The price of fast-track peace-making: Considering May 2014

May 2014 appears to be a momentous month for South Sudanese politics. The government signed two peace agreements on 9th May in Addis Ababa, and the South Sudan Humanitarian Conference took place on 19-20th May in Oslo.

Mobilising over USD610, the Oslo conference was a response to the crisis induced by the continuing conflict in South Sudan. Although presented in the hue of a broad international conference, only half of the 41 countries present at the conference pledged new money, and a closer look at the funds pledged reveals that the Troika (USA, UK and Norway) collectively accounted for over three quarters of the money.

These funds are intended to alleviate humanitarian needs inside South Sudan and those of refugees in neighbouring countries. Of particular concern was a looming famine in many parts of the South. Protection of civilians was one issue deliberated during the conference, but it is unclear to what extent any of the new funds are intended to finance the planned up-scaled UNMISS operations or the IGAD-led monitoring mechanisms – both operations will cost hundreds of millions of dollars. International humanitarian assistance is however a corollary to the efforts of ending the war in South Sudan, which in this case has to be accomplished through negotiations.

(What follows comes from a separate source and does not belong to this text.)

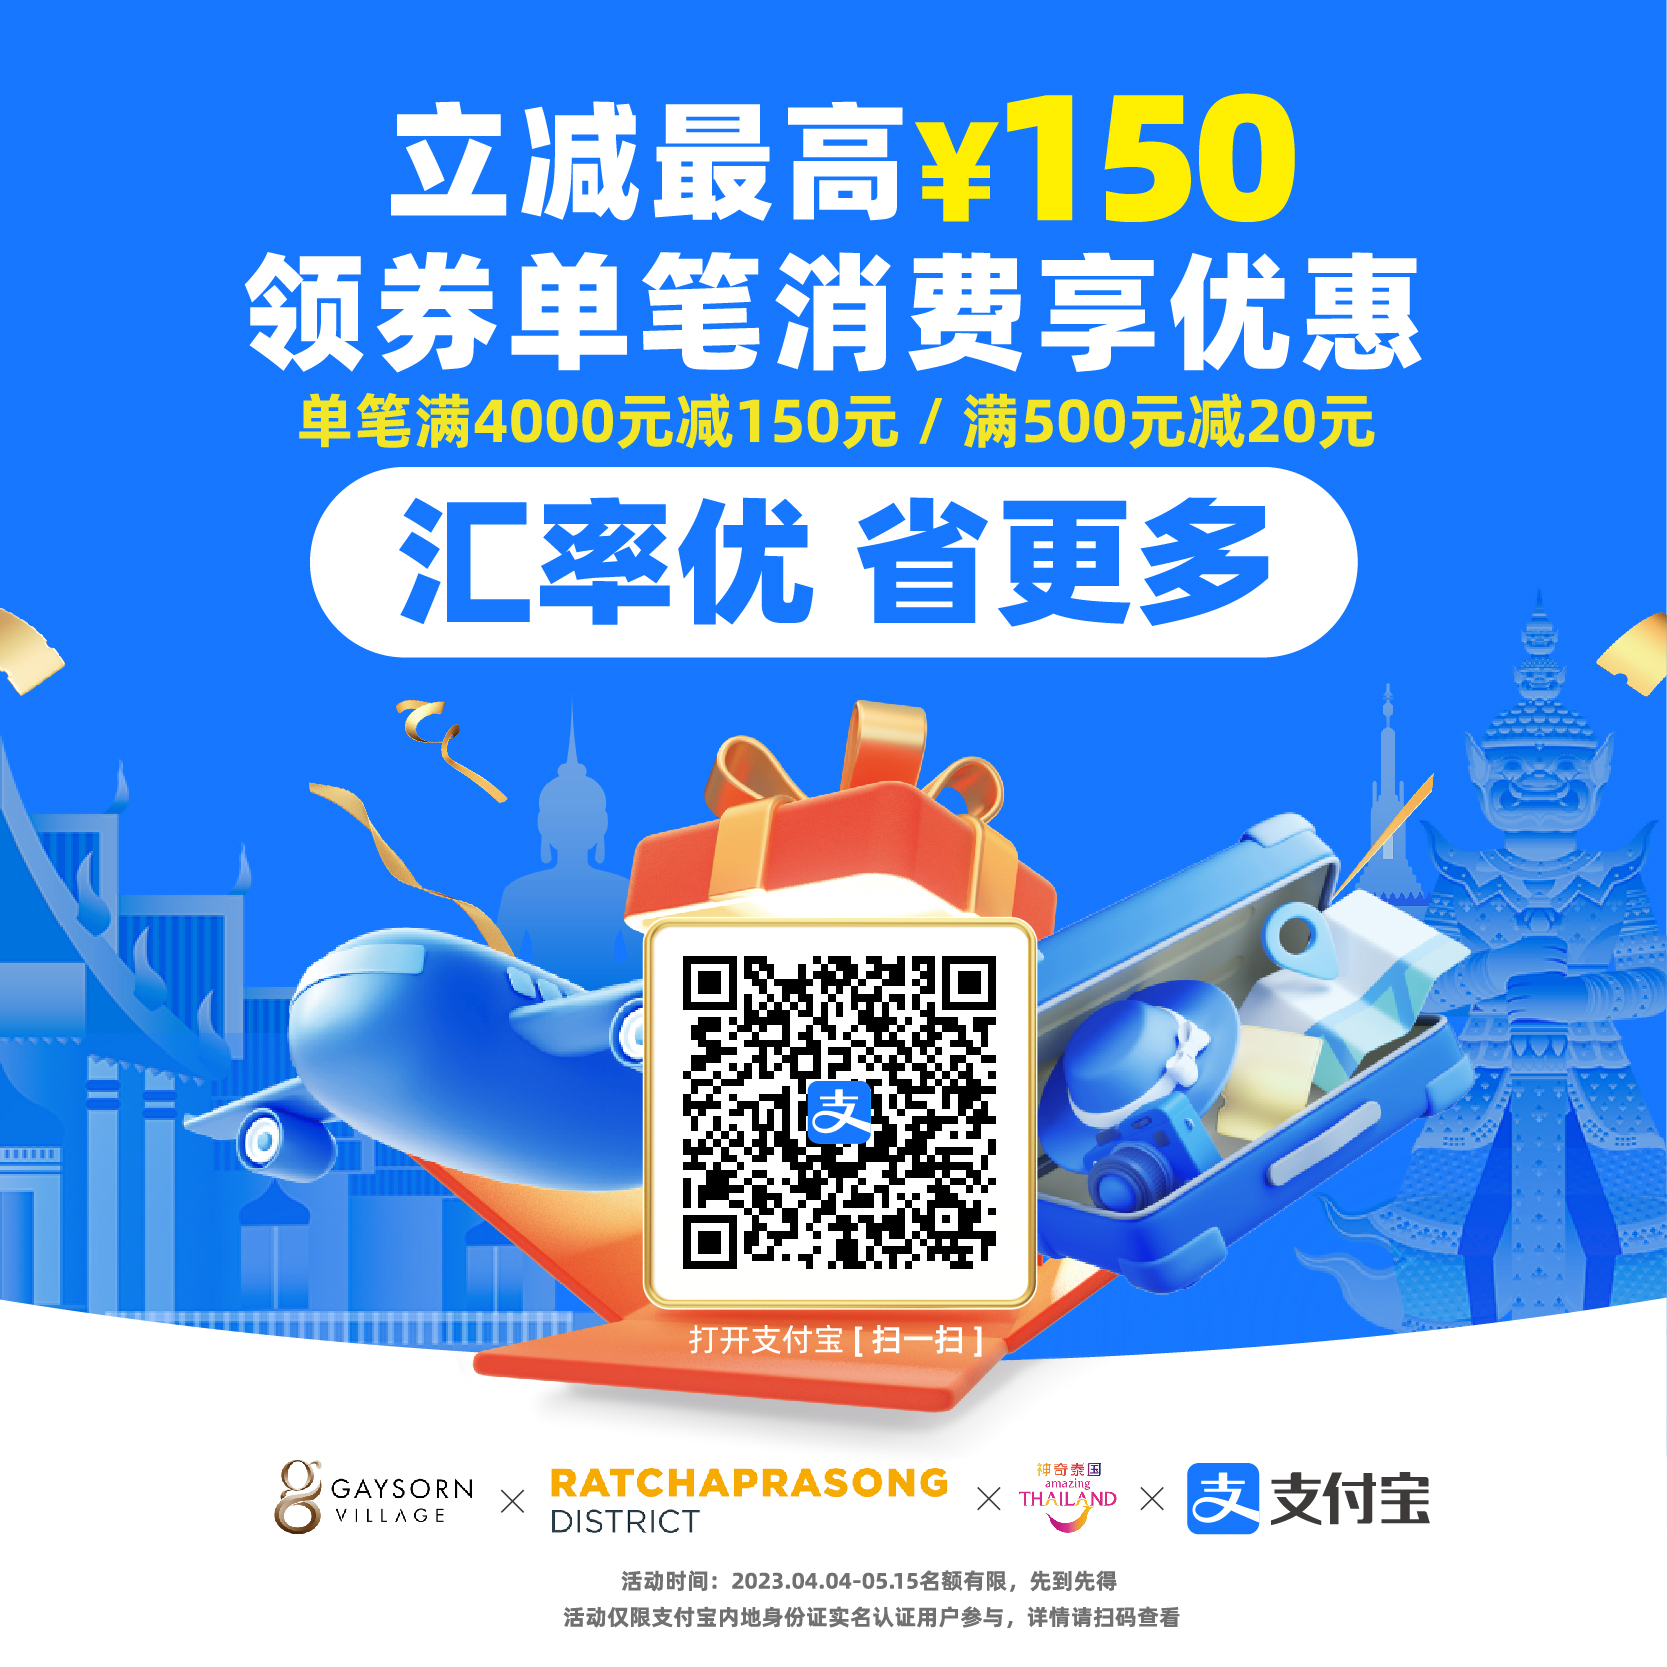 Exclusive Privileges for Alipay Users during Songkran 2023 !

On 9 May Salva Kiir and Riek Machar signed, on behalf of the Government of South Sudan and the Sudan People’s Liberation Movement in Opposition (SPLMiO), an Agreement to Resolve the Crisis in South Sudan. Although the two-page agreement was described as a significant step forward in the peace process, it is by and large a reconfirmation of commitments made in earlier rounds of the IGAD-led negotiations. Furthermore, immediately afterwards, each of them claimed that he had experienced undue pressure from the Ethiopian host to sign the agreement. It appears that the for the hyped and hasty signing ceremony may have been the Oslo donor conference.

Despite some low-level fighting in the days following the signing ceremony, the two parties have generally met their commitment to a month of tranquillity. With a few days to go, it remains to be seen if the other substantial commitment – of meeting again within a month – will be honoured. The parties also agreed that an inclusive interim government is a necessary part of the solution to the crisis, but they did not decide on the composition of such a government or on when it is to be formed.

The SPLMiO has called for a new national leadership, but Salva Kiir has signalled that he is not intending to step down. The SPLMiO also demands governance reforms including the adoption of a federal constitution, a demand echoed by non-aligned Equatorian politicians. The government is apprehensive and sees federalism as a threat to national cohesion and prefers non-federal decentralisation.

The GoSS resistance to federalism is undermined, however, by the second, less-publicised, peace agreement between Salva Kiir and David Yau Yau, the leader of the South Sudan Democratic Movement/Army (Cobra Faction). It, the “Jonglei Peace Deal”, is commendable for ending four years of on-and-off insurgency in Pibor County, but it poses a threat to national integrity. It establishes the eastern part of Jonglei as an autonomous region for the Murle ethnic group and promises development funding from the central government, special rights to manage water and pasture resources, and concessions over internal borders. The new arrangements bypass the current governance structure in Jonglei and might encourage other disgruntled groups to intensify their activities. It is still too early to say whether this is the start of South Sudan’s fragmentation, but the stage is set for an upsurge of ethnic and regional demands.

The weakness of the May 9 agreements is to a large extent the consequence of the haste with which they were made. This is symptomatic of the dilemmas facing external actors involved in peace processes in the two Sudans. There are good reasons for accelerated processes: protracted warfare not only takes an unacceptable toll in terms of human lives and destroyed livelihoods, but it also undermines South Sudan as a political project. However, as the catastrophic outcome of the 2006 Darfur peace agreement illustrates, forcing through premature solutions in South Sudan may be devastating in the long run.

Øystein H. Rolandsen, senior researcher PRIO, and Sebabatso Manoeli, DPhil student, St. Antony’s College, Oxford University.


Since we published this analysis, the month of tranquility ceased sharply on 31 May as fighting reignited between SPLMiO and the GoSS troops. The recent events corroborate the argument that the external pressure exerted on the two signatories could not circumvent the essential ingredient for peace: political will, on both sides. The continuing conflict indicates that the two parties did not have a sense of ownership over the agreement, and that signing on 9 May may have been premature. The UN’s insistence on holding those who transgress the agreement accountable leads to questions about the kind of justice that can and will be meted out.